Tres segundos que se unieron en mi memoria a tantas otras experiencias acuáticas en mi –ya larga- vida. Las primeras clases de natación a mis diez años: ya nadaba, pero me daba miedo tirarme desde el trampolín bajo. Parada yo en la punta como una estaca, la instructora se acercó por detrás dándome un empujoncito mientras me aguardaban otras dos asistentes: naturalmente salí nadando y curé mi miedo gracias al bautismo. Luego, en la secundaria y ya inscriptas en un club con mi compañera de banco, fuimos a la pileta cubierta donde Pablo el bañero, un hombre fibroso, de piel curtida y pancita de sesenta años, que había sido campeón de cruce a nado del Rio de la Plata, nos tomó de aprendices y nos enseñó todos los estilos: crawl, pecho, espalda, delfín, vuelta americana, a tirarnos de cabeza. Cuando comencé la facultad y también a usar lentes de contacto, dejé la natación. Desde esa edad, mis incursiones acuáticas fueron esporádicas y medidas.
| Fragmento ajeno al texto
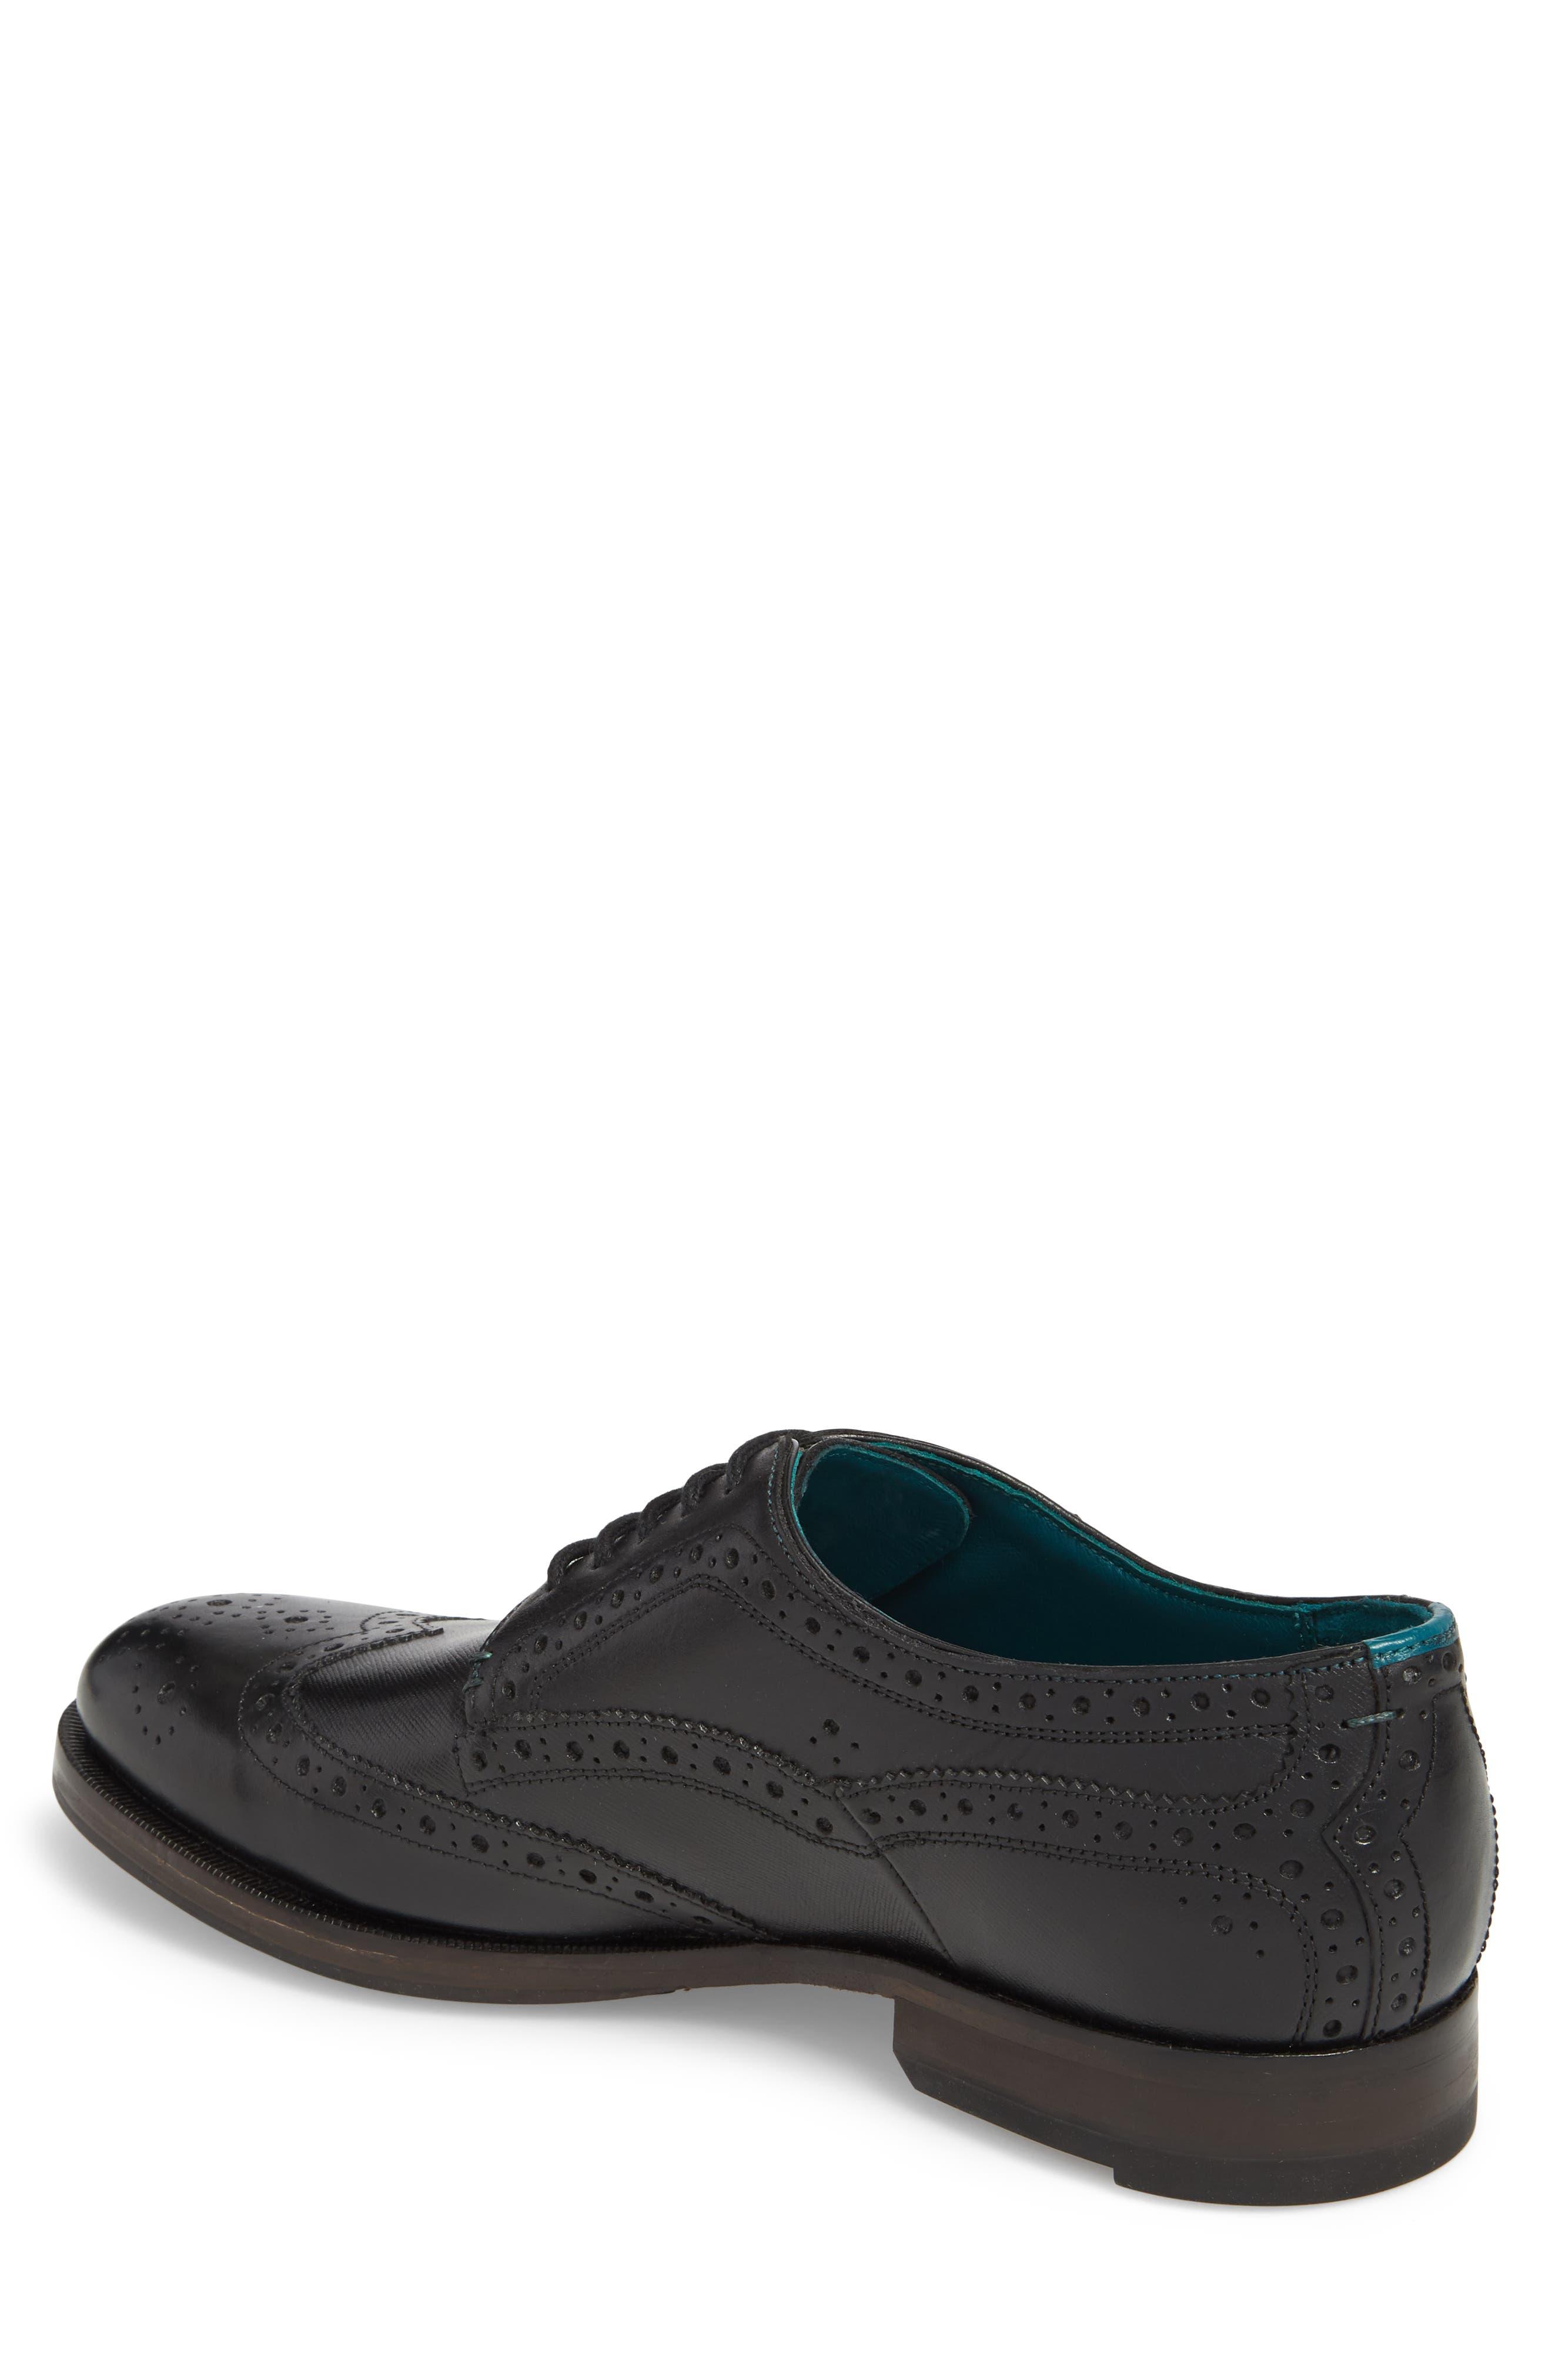 Senape Wingtip,                             Alternate thumbnail 2, color,                             Black Leather
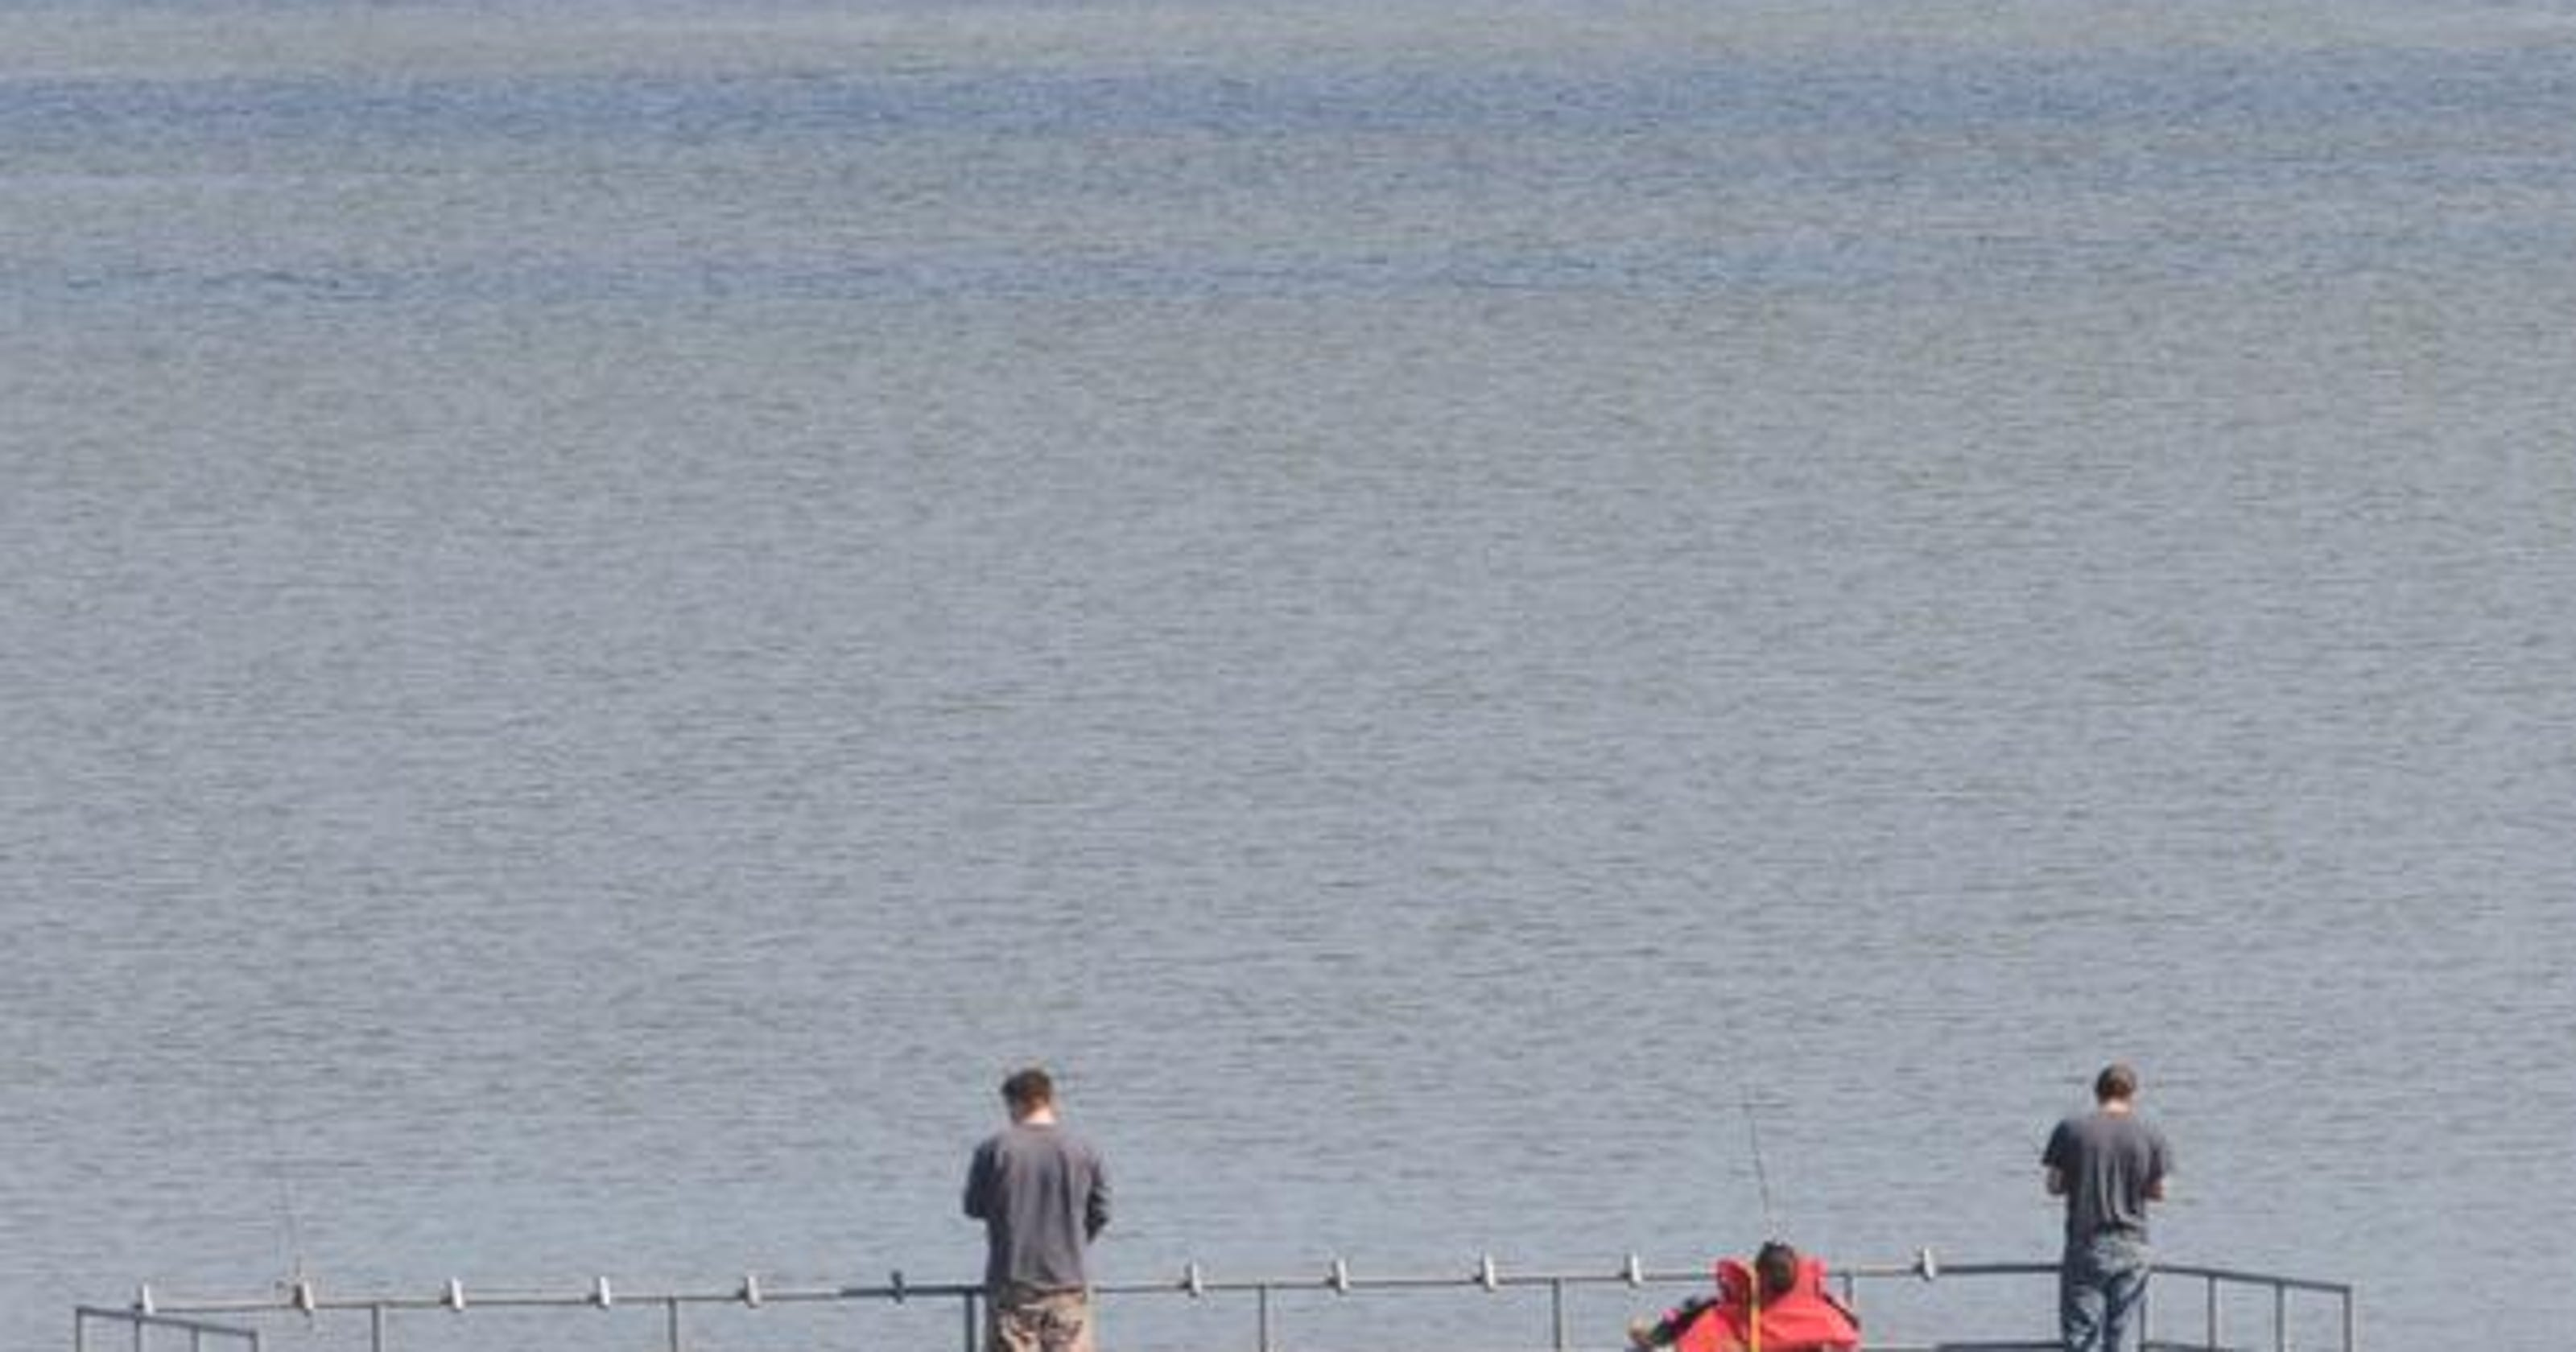 Walleye Fishing Going Well Near Islands

Mi signo y ascendente son de agua. El agua aparece infinidad de veces en mis sueños. El último que recuerdo, hará un par de años, justamente me ubicaba en un lugar hipotético del delta, nadando como una delfina de aquí para allá en unos anchos y apacibles arroyos rodeados de verde. Otros sueños han sido entre bordes urbanos y el río, (el Rio de la Plata), recorriendo zonas imaginarias que se inundaban, terrenos fangosos y rodeados de escombros por donde caminaba. Recuerdo el sueño donde iba en un ómnibus por una surreal costanera atravesando caseríos extraños a un lado, hasta que se internaba entre islas marginales hacia puentes rodeados de olas gigantes, majestuosas, y sorprendentemente azules.
Agua y angustia se relacionaron cuando vivía sola en un departamento interno, justo en la época en que mi madre enfermó (“Bordes y desbordes, el desmoronamiento de los acantilados del alma”, escribí). Mi madre, que de pequeña casi se ahogó en una laguna, allá en el Chaco. Historias de inmigrantes y precariedades, vulnerabilidades y resiliencia. En esa época y creo que por largos años, padecí de llanto fácil, demasiada agua interna para contener. Me llevó algunas décadas poder construir estos bordes tan necesarios.
Luego de ese lapso indeterminado, por fin, el efecto rebote por el peso del agua me impulsó hacia la tranquilidad de emerger a la superficie, al aire, a respirar con la cabeza afuera, con una leve molestia por haber tragado involuntariamente algo de agua pero el alivio de estar en el mundo. Todos me miraron, recibí algún comentario irónico del dueño de la lancha por el modo original en que me había dejado caer al agua.
Pasar del medio acuático donde los sonidos internos retumban y la visión es negada, donde el tiempo se estira, hasta que irrumpe la violencia de la contracción para emerger al mundo del aire y los pies sobre la tierra... ¿Serán, acaso, estos tres segundos un nuevo renacer?